Певучая мысль древней Эллады также предпочитала выражать себя в поэтической форме, вверяя свои прозрения магическим звукам легендарного Орфея. Учение орфиков пелось и передавалось в гимнах. Пифагор изложил принципы своего мировоззрения ритмически – знаменитые «Золотые стихи Пифагора». Первые философы Греции – Ксенофан, Парменид, Гераклит, Эмпедокл – мыслили стихами, передавая из рук в руки одно и то же название «О природе». Римский поэт Тит Лукреций Кар, завершитель этой традиции, создал в стихах свою грандиозную поэму «О природе вещей» – целый космос античного умозрения. Отец греческой философии Фалес утверждал: «Всё есть вода». Так мог сказать только поэт. Овидий, певец «Метаморфоз» пишет о поэтах в своей книге «О фастах»: «Есть бог в нас, и его движением мы воспламеняемся». Мыслитель поздней античности Лукиан вслед за ним восклицает: «О, священный и великий труд всех поэтов!» Это был золотой век Мысли.

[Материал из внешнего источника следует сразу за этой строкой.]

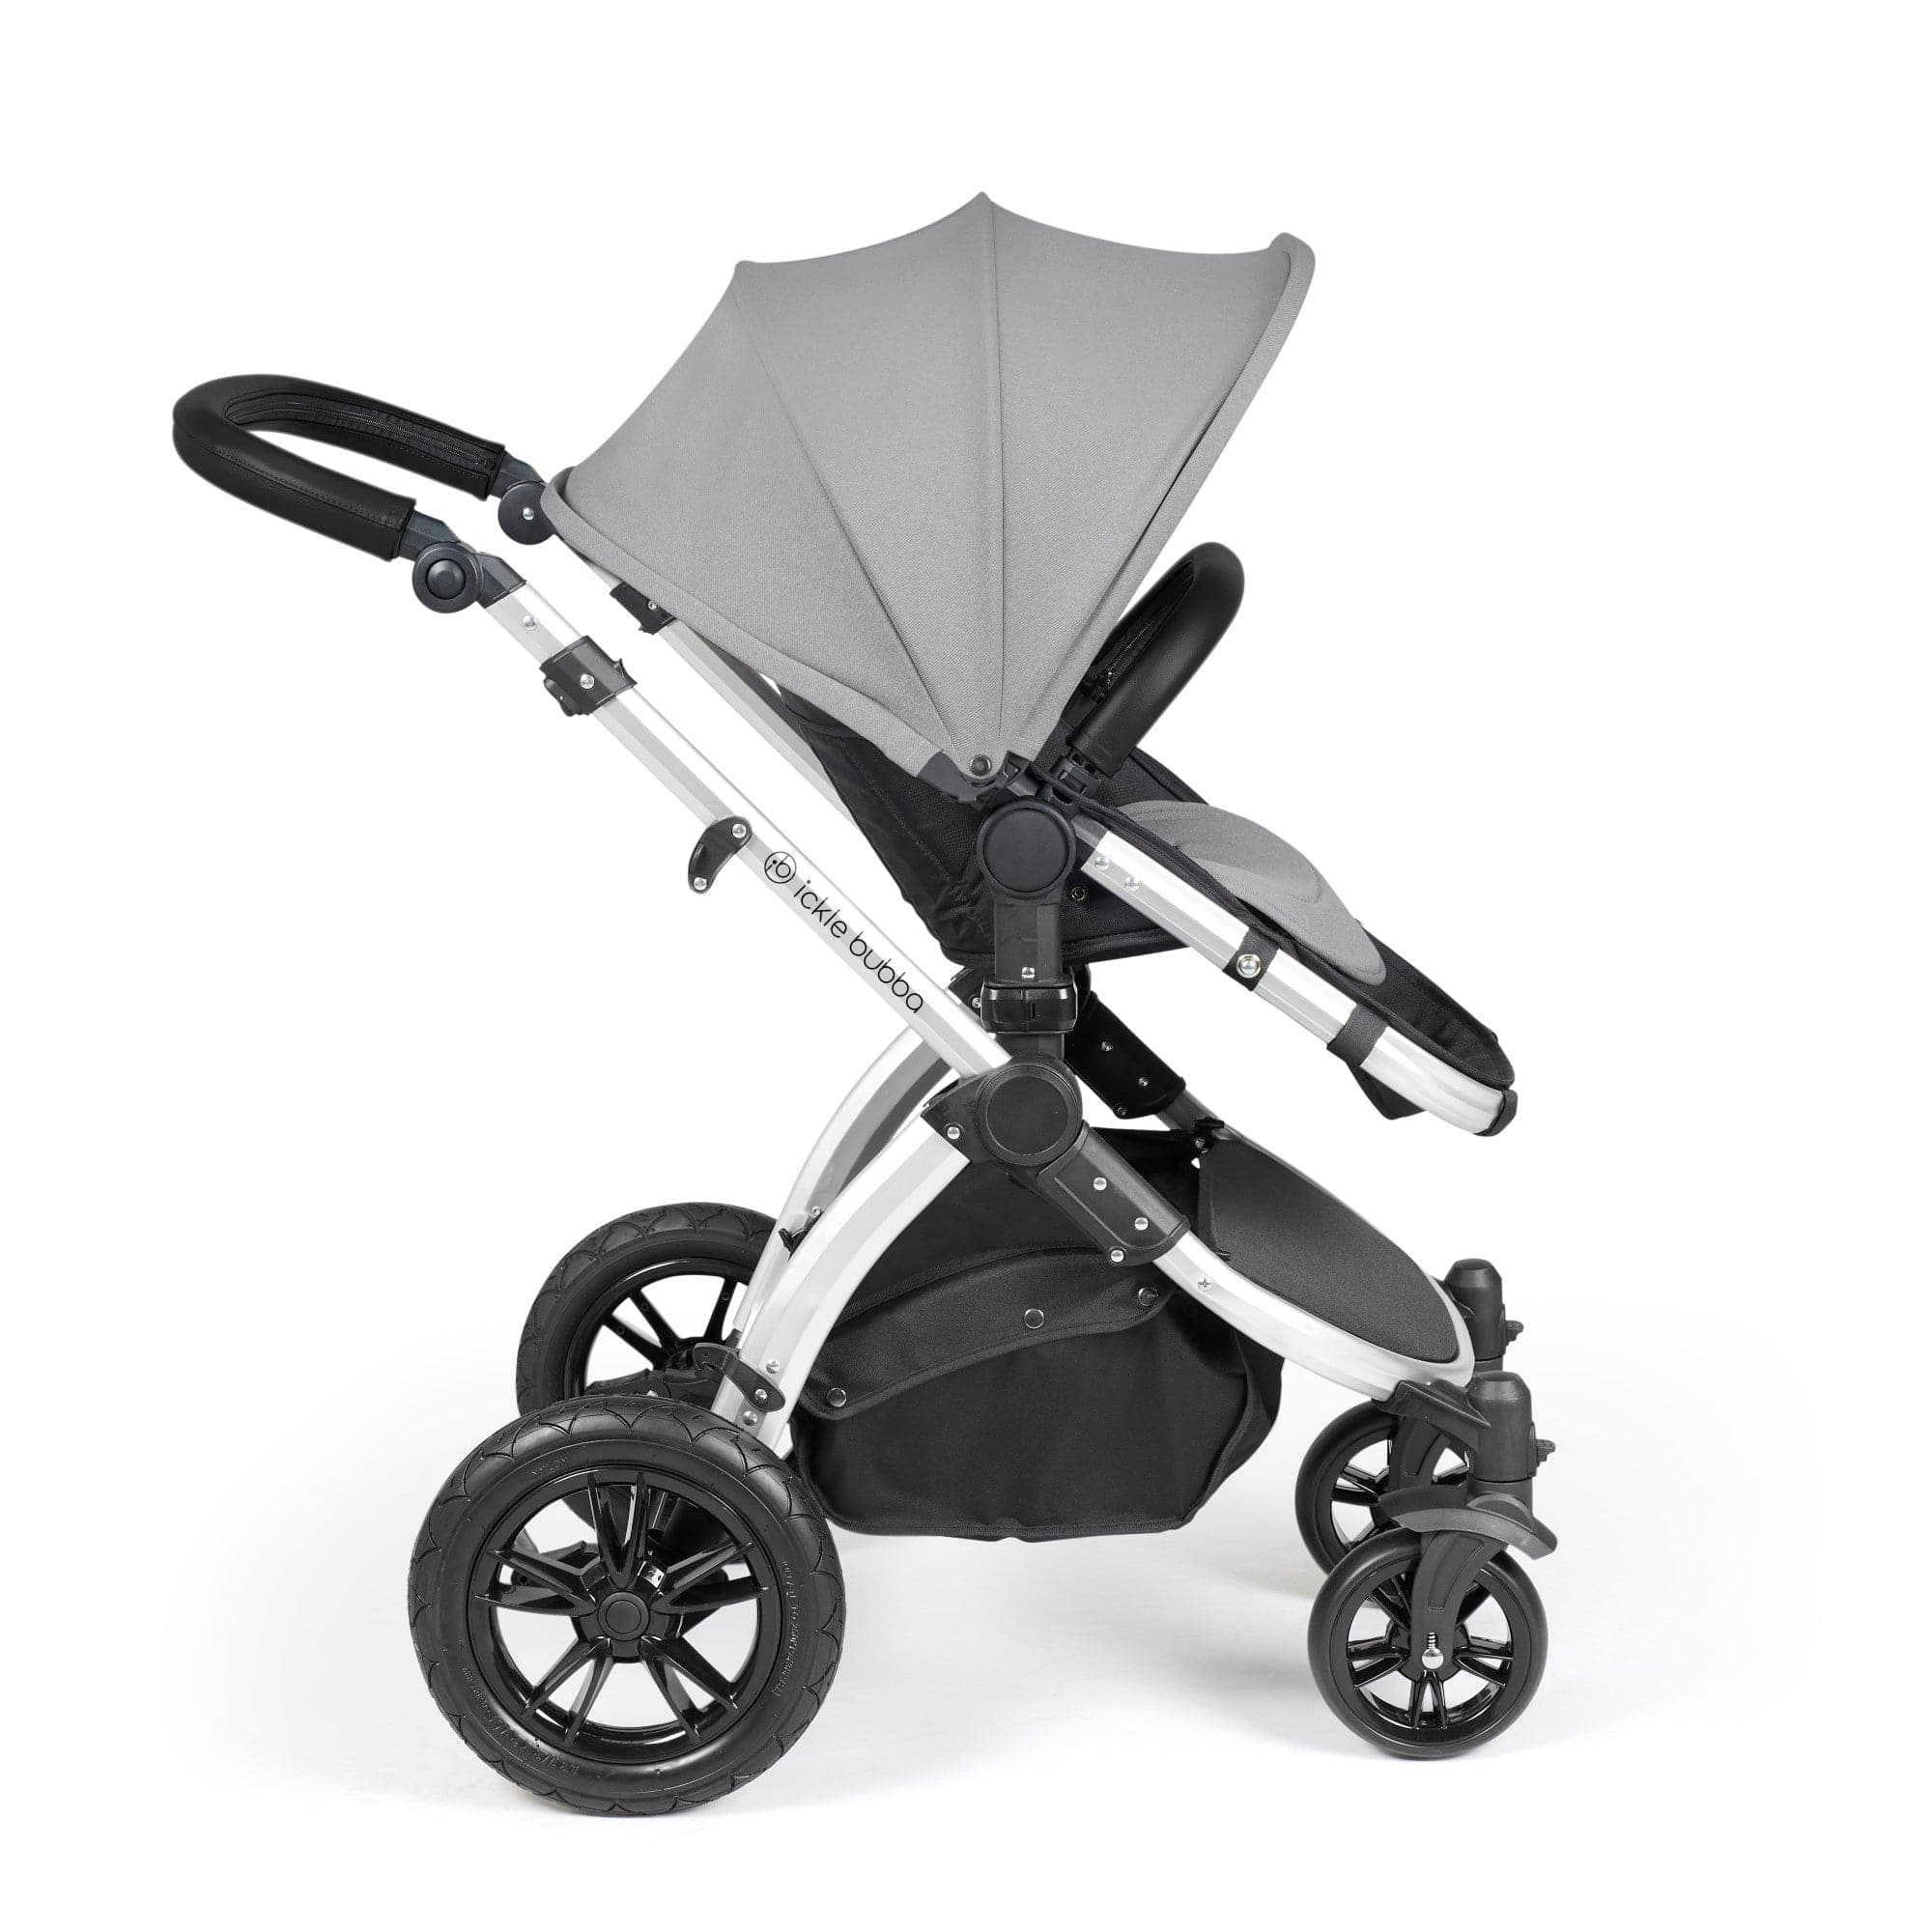 Ickle Bubba Stomp Luxe All-In-One I-Size Travel System With Isofix Base - Silver / Pearl Grey / Black -  | For Your Little One

Но уже Платон, сам один из избранников Аполлона и сын небес, изгнал поэтов из своего идеального государства. Эту толпу жалких подражателей божественных образцов. И тут произошел роковой раскол. Раздор двух родных сестер. Одна повернулась к знаку, другая – к музыке. И пошли они в разные стороны, каждая по своему тернистому пути, удаляясь друг от друга, дальше и дальше. Вот они уже потеряли одна другую из вида, уже не видят сестра сестру. И тут-то они опомнились. Оглянулись. И, как в поэтическом мифе того же Платона, затосковали разорванные половины, томятся они по утраченной цельности, жаждут опять быть вместе, воссоединиться. Только вот: «Хотел бы в рай да грехи не пускают» – гласит мудрость русской пословицы.
София, премудрость Божия покинула тайну мироздания, оставив ее изысканиям физики атомного ядра. И призрак философского камня уже не тревожит реторты и колбы.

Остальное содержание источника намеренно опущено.